PROVIDED MATERIAL:
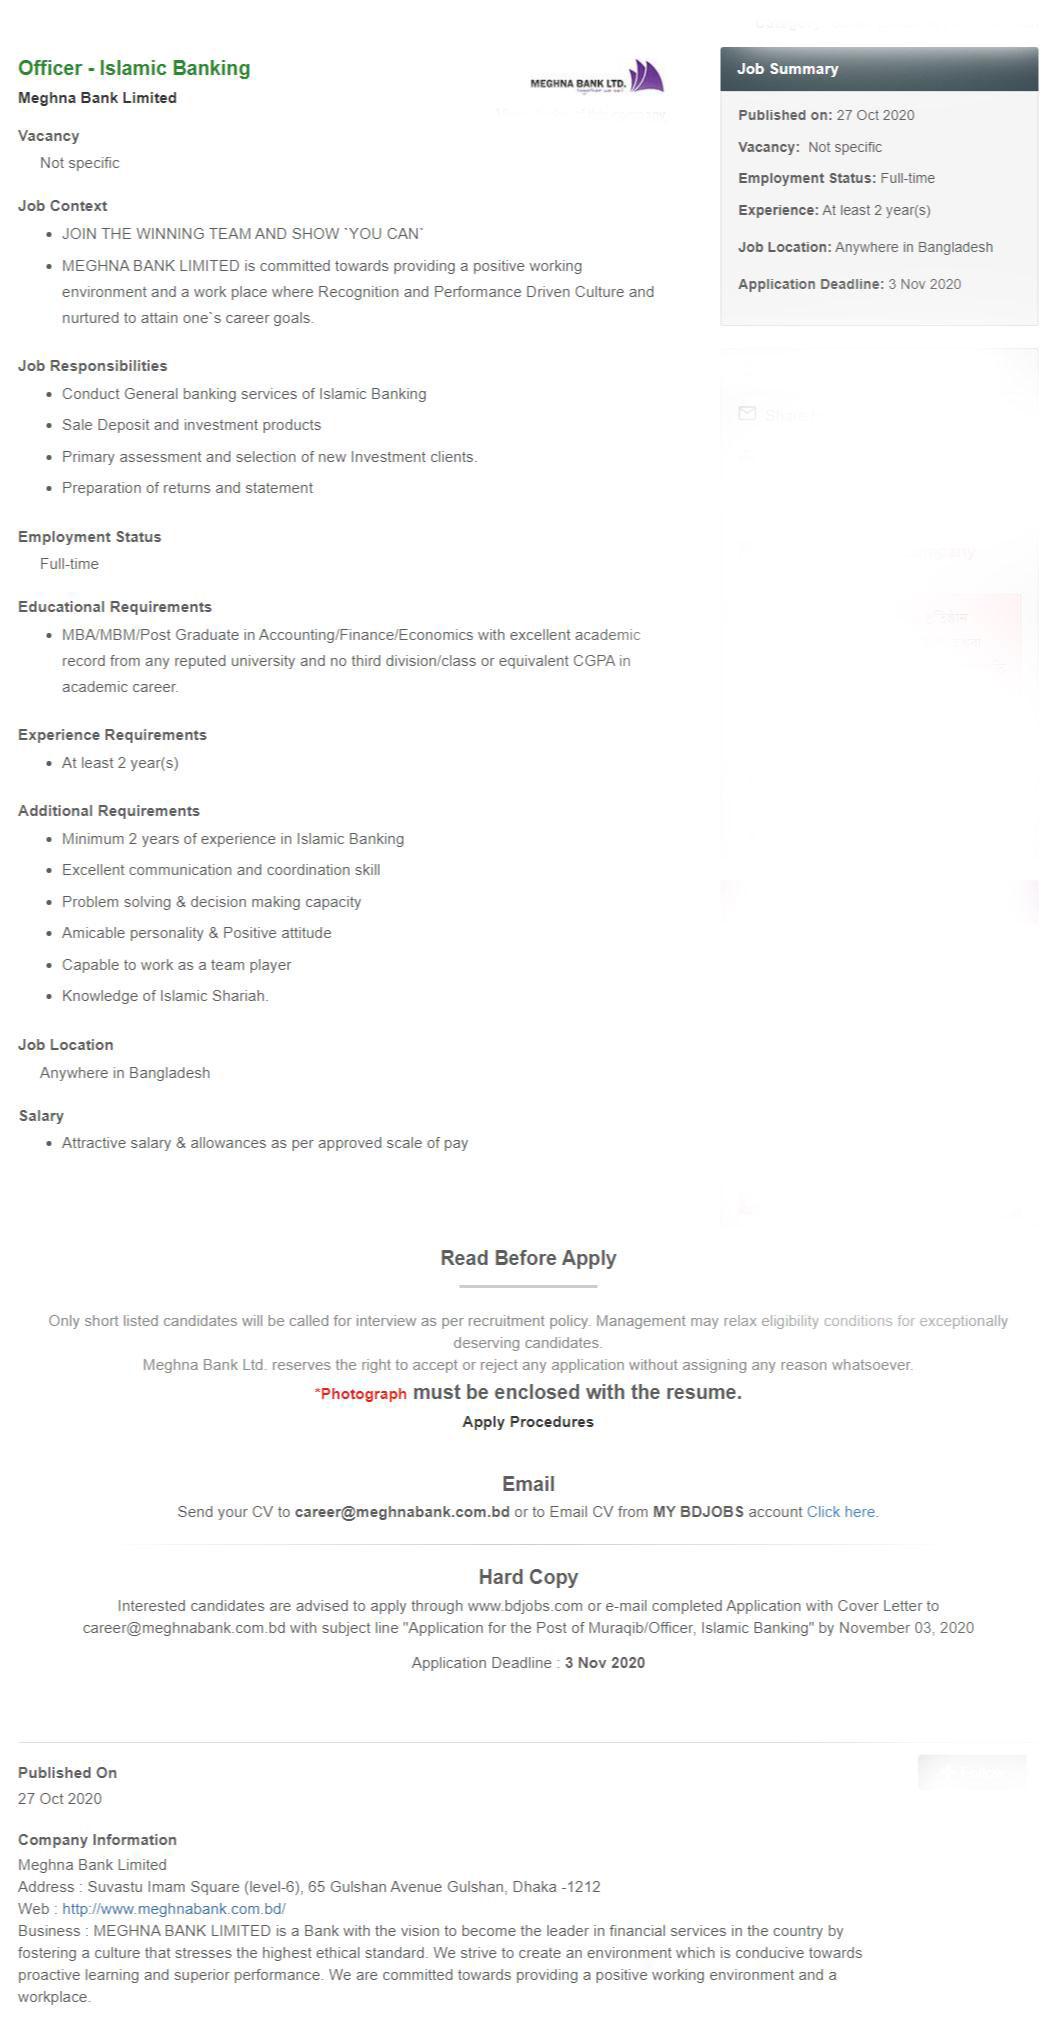 Meghna Bank Job Circular 2021| Private Bank Job Circular www.meghnabank.com.bd 1
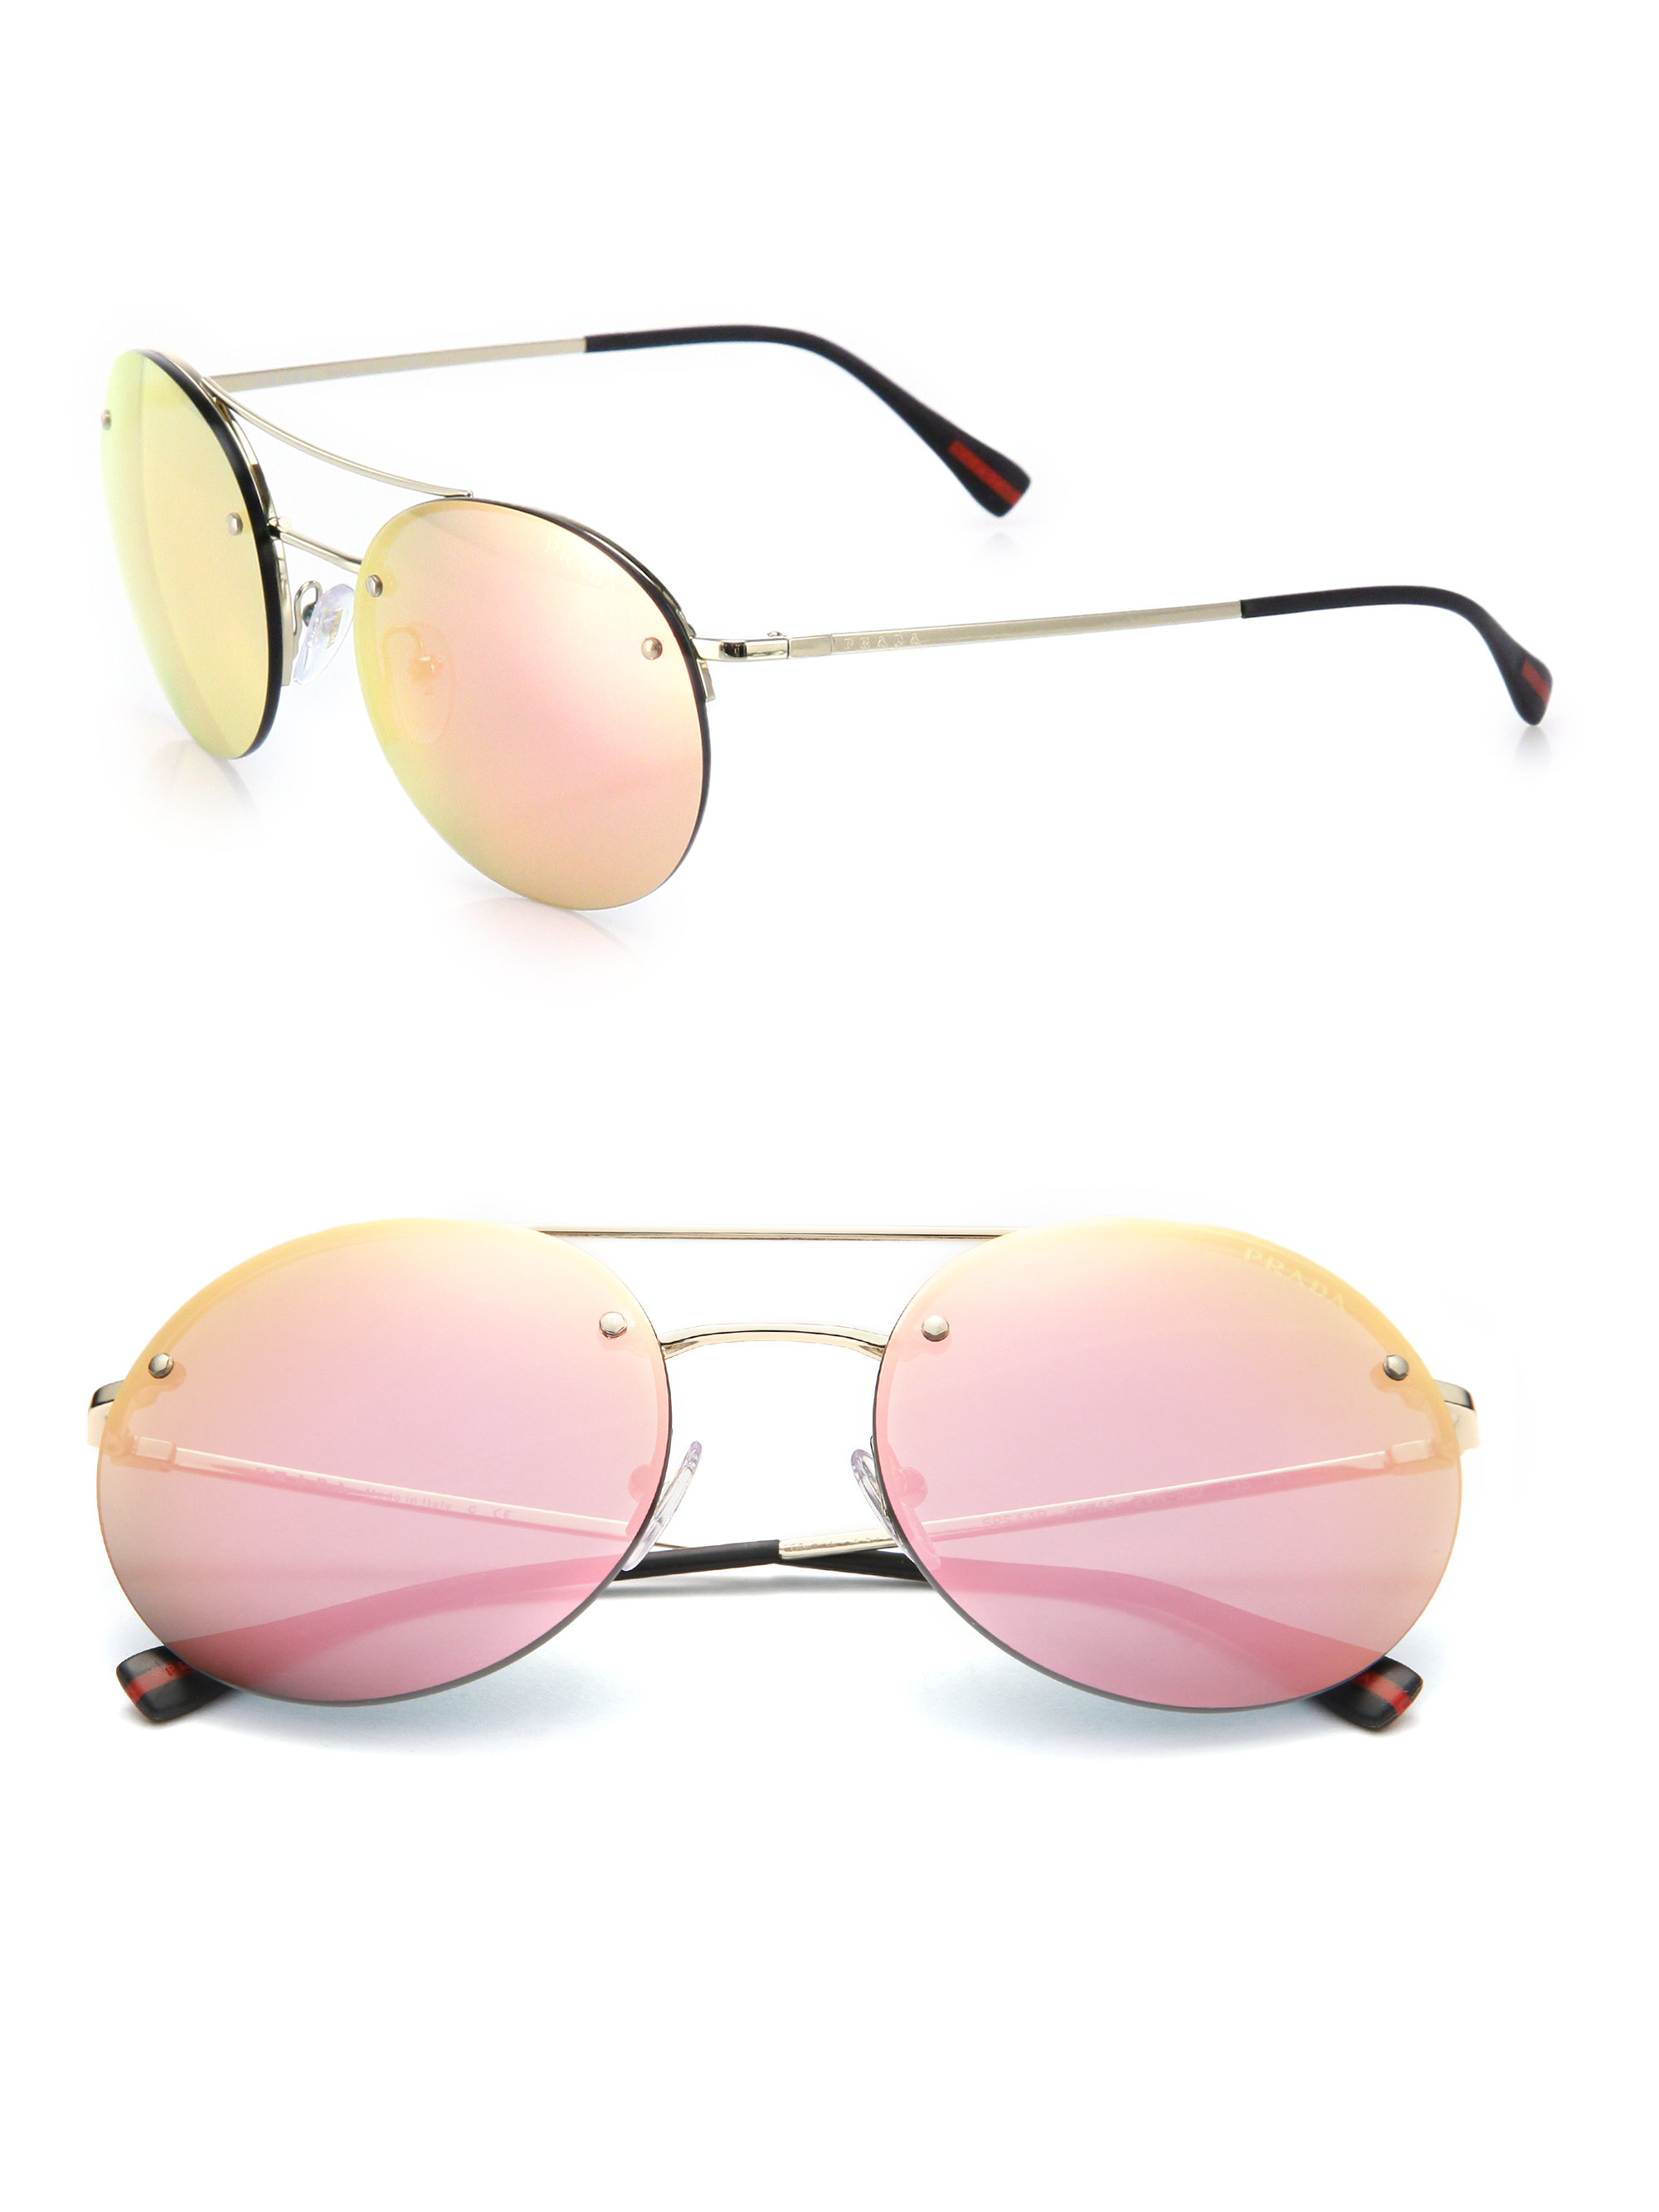 f69b9c71a ... promo code for lyst prada 56mm round metal sunglasses in pink for men  669cd dfa2c
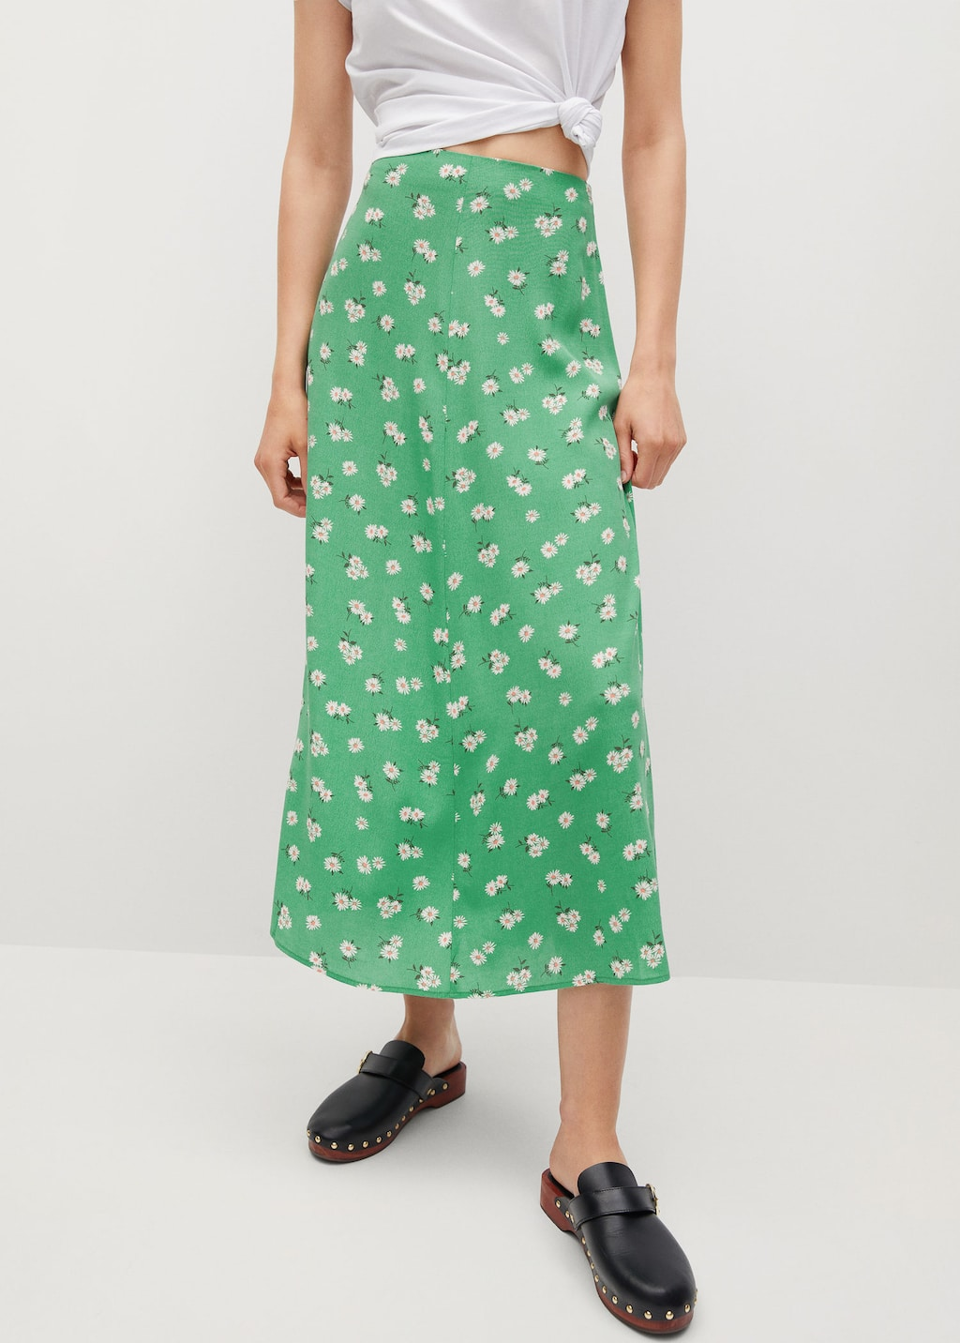 Printed midi skirt   Woman   Mango Estonia
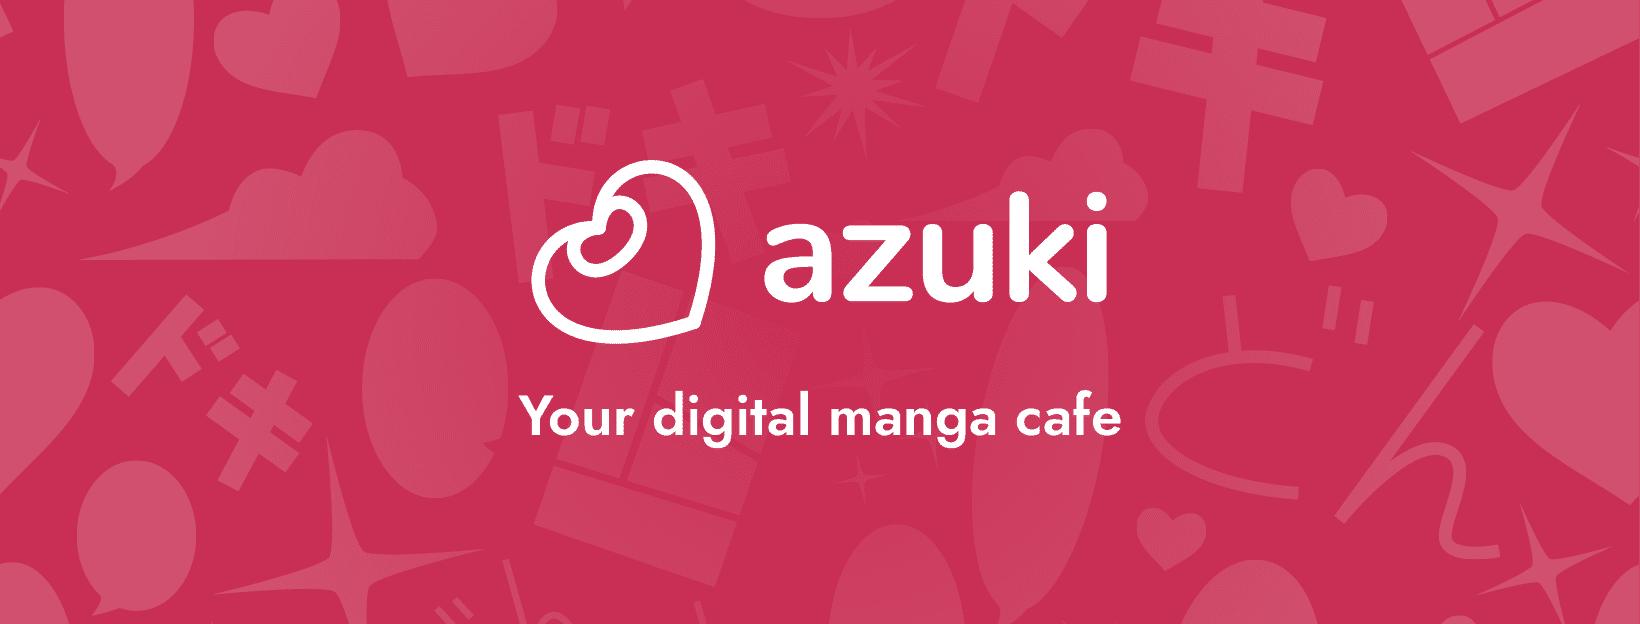 Azuki CEO Shares Origin Story Of The New Digital Manga Streaming Service, Launches June 28

EXERCISE INSTRUCTIONS: Write the material out again word for word and omit any images.

ANSWER SPACE:
 Meghna Bank Job Circular 2021| Private Bank Job Circular www.meghnabank.com.bd 1
 f69b9c71a ... promo code for lyst prada 56mm round metal sunglasses in pink for men  669cd dfa2c
 Printed midi skirt   Woman   Mango Estonia
 Azuki CEO Shares Origin Story Of The New Digital Manga Streaming Service, Launches June 28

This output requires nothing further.